Time points for daily climatology are not intuitive

ehogan commented 3 years ago

📰 Custom Issue

Hello :)

I have a cube containing 4 full years of daily data. Using aggregated_by, I aggregate the cube using a "day" and "month" coordinate. This produces a daily climatology with time points that start in July 🤯 (the bounds are as expected).

Mathematically, this makes sense, since the mean of, e.g. (Jan 1, 2000), (Jan 1, 2001), (Jan 1, 2002) and (Jan 1, 2003) is in July 2001.

However, scientifically, this doesn't make sense, since a scientist would expect the first time point of a daily climatology created as above to be Jan 1.

The CF conventions state (at the end of paragraph 2 in Section 7.4): "The time coordinates should be values that are representative of the climatological time intervals, such that an application which does not recognise climatological time will nonetheless be able to make a reasonable interpretation.". I'm not sure this is happening in this case.

Would it be better to set the time points in the climatology file such that they are more representative of the climatological time intervals?

rcomer commented 3 years ago

Related: #1422

ehogan commented 3 years ago

Thanks @rcomer; I did search for previous issues but apparently not very well! 😜

rcomer commented 3 years ago

Hi @ehogan, would the ability to tell it to use the max or min point help? #4295

ehogan commented 3 years ago

Thanks @rcomer; our workaround currently involves resetting the time points in the climatology cube with the time points from the first year from the input cube, so using the min point would help! :)

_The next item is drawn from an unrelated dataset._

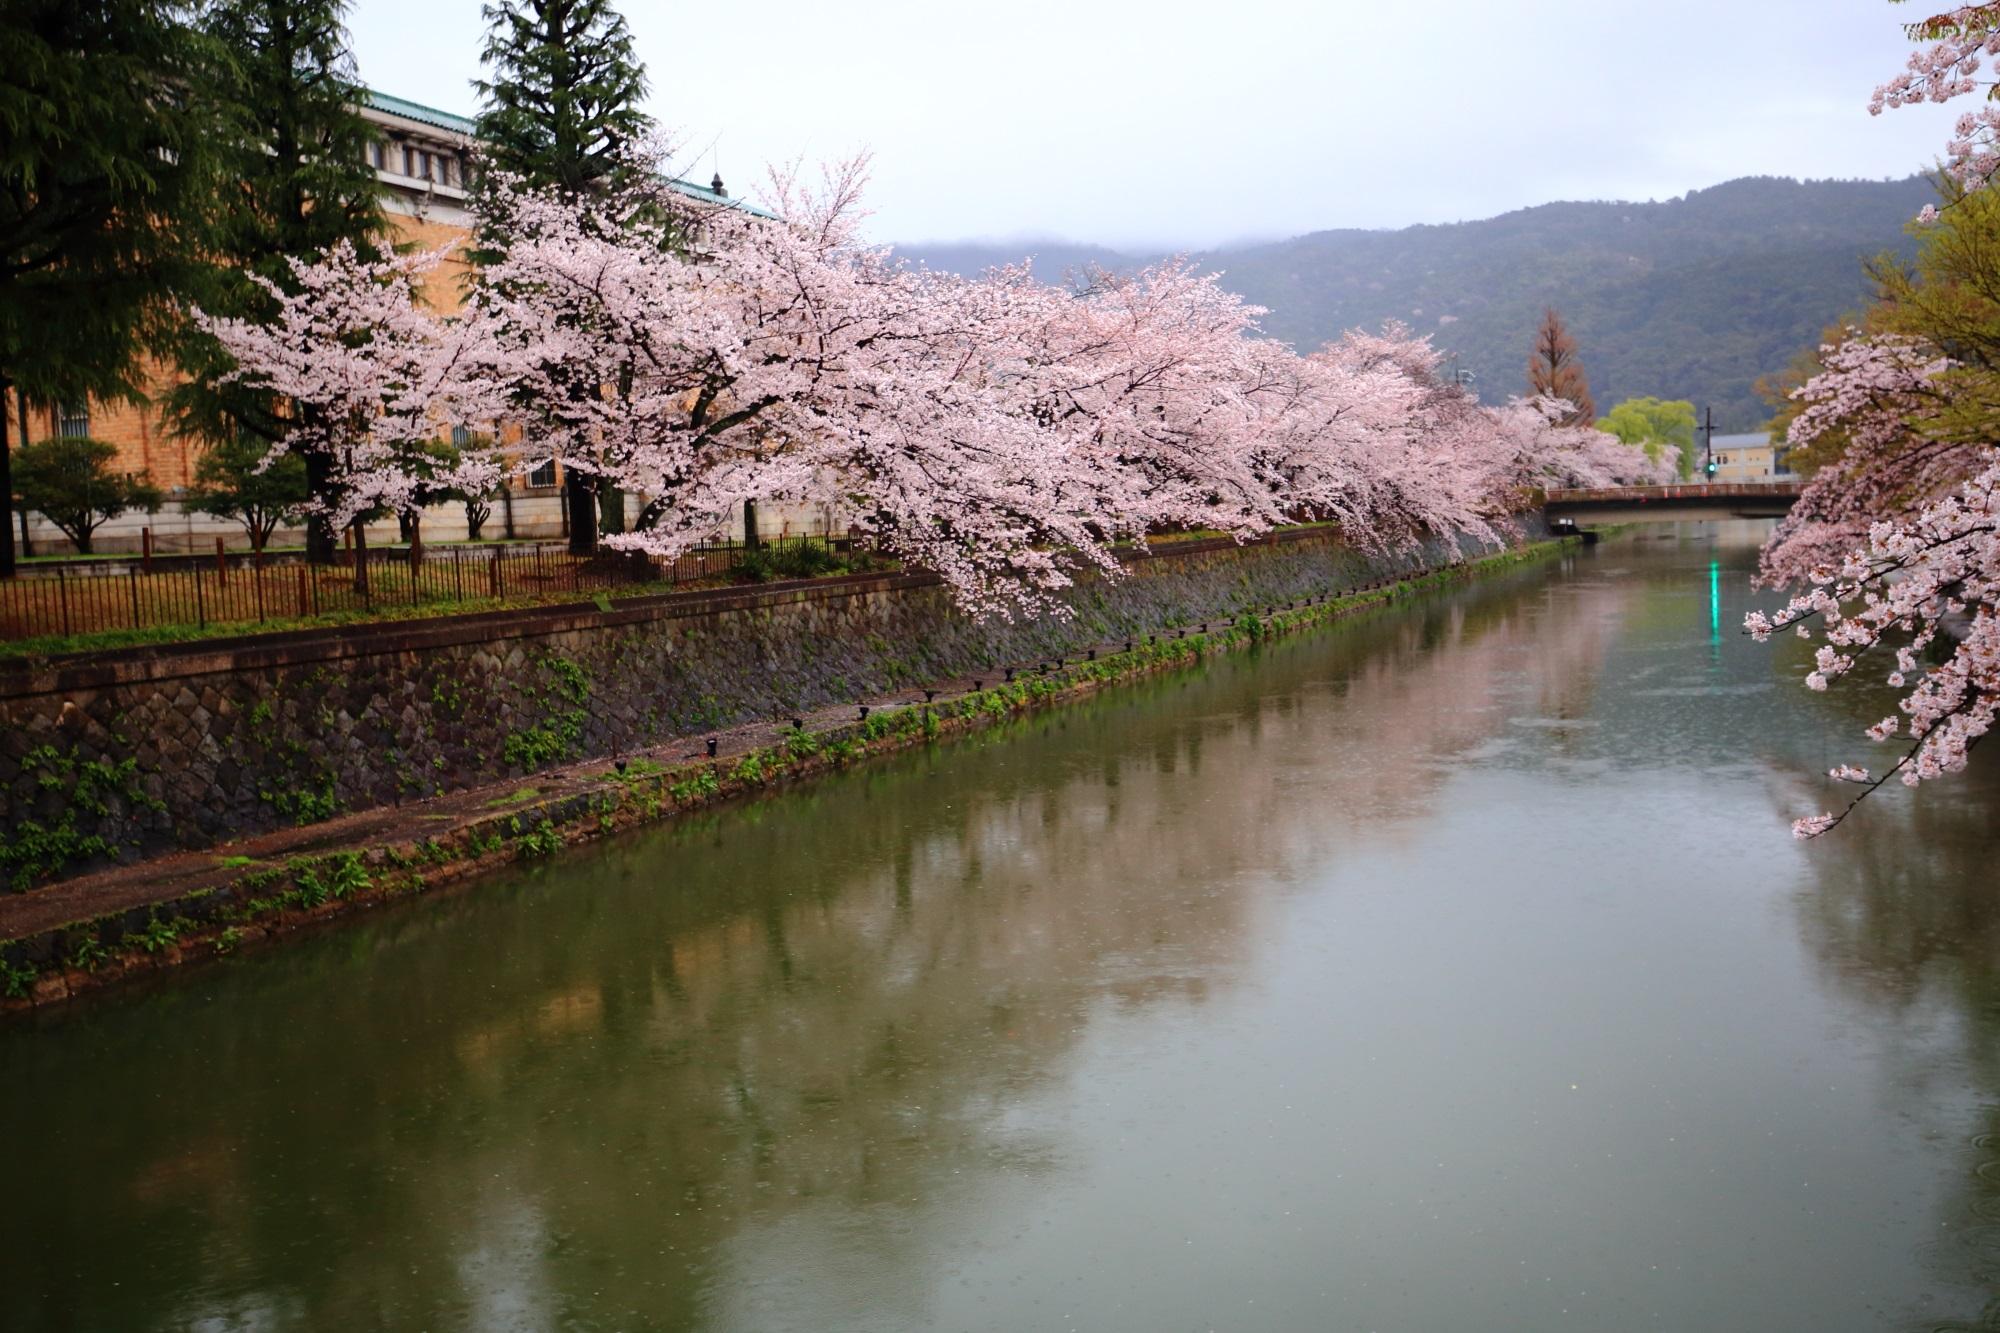 満開の桜につつまれた桜の名所の岡崎疏水

trexfeathers commented 3 years ago

I was thinking about this yesterday. Given Coord has the climatological attribute, this seems like a reasonably 'soluble' problem. Not sure if I have enough time though, we'll see.

trexfeathers commented 3 years ago

I've taken a brief look this morning, and here is the offending line:

https://github.com/SciTools/iris/blob/0af0c8d447bb90a4f693270ea20ffbfd1ee97f79/lib/iris/analysis/__init__.py#L2275

I had originally imagined adding a climatological parameter to Cube.aggregated_by(), but this would need to be passed down through several call 'layers' before it reached the above line. So it might instead be better to add code determining that the precursor coordinate in question looks climatological (covers multiple years but only one point within each year?), and to make sure the user expects the different behaviour via a clear docstring.

rcomer commented 3 years ago

covers multiple years but only one point within each year?

I think just "covers multiple years" would do it. I might, for example, start off with monthly means and then aggregate by season to make spring/summer/autumn/winter climatologies, each containing 3 points from each year.

IMO, what is done for aggregated_by points should also be done for collapsed points, so there is another offending line here:

https://github.com/SciTools/iris/blob/0af0c8d447bb90a4f693270ea20ffbfd1ee97f79/lib/iris/coords.py#L2009

rcomer commented 3 years ago

Or if you want to make it opt-in but don't want to pass the parameter down the "plumbing", could use a context manager instead?

rcomer commented 2 years ago

If the plan is to use the upper or lower bound as the point, it may also be worth considering #3456.

Recent discussion on Met Office Yammer indicates that climatologies loaded from pp-files have the points matching the upper bound, which does cause problems in coord-categorisation. I understand that @lbdreyer may be looking into that issue, but it would be good to make the outcome of this consistent with the outcome of that I think.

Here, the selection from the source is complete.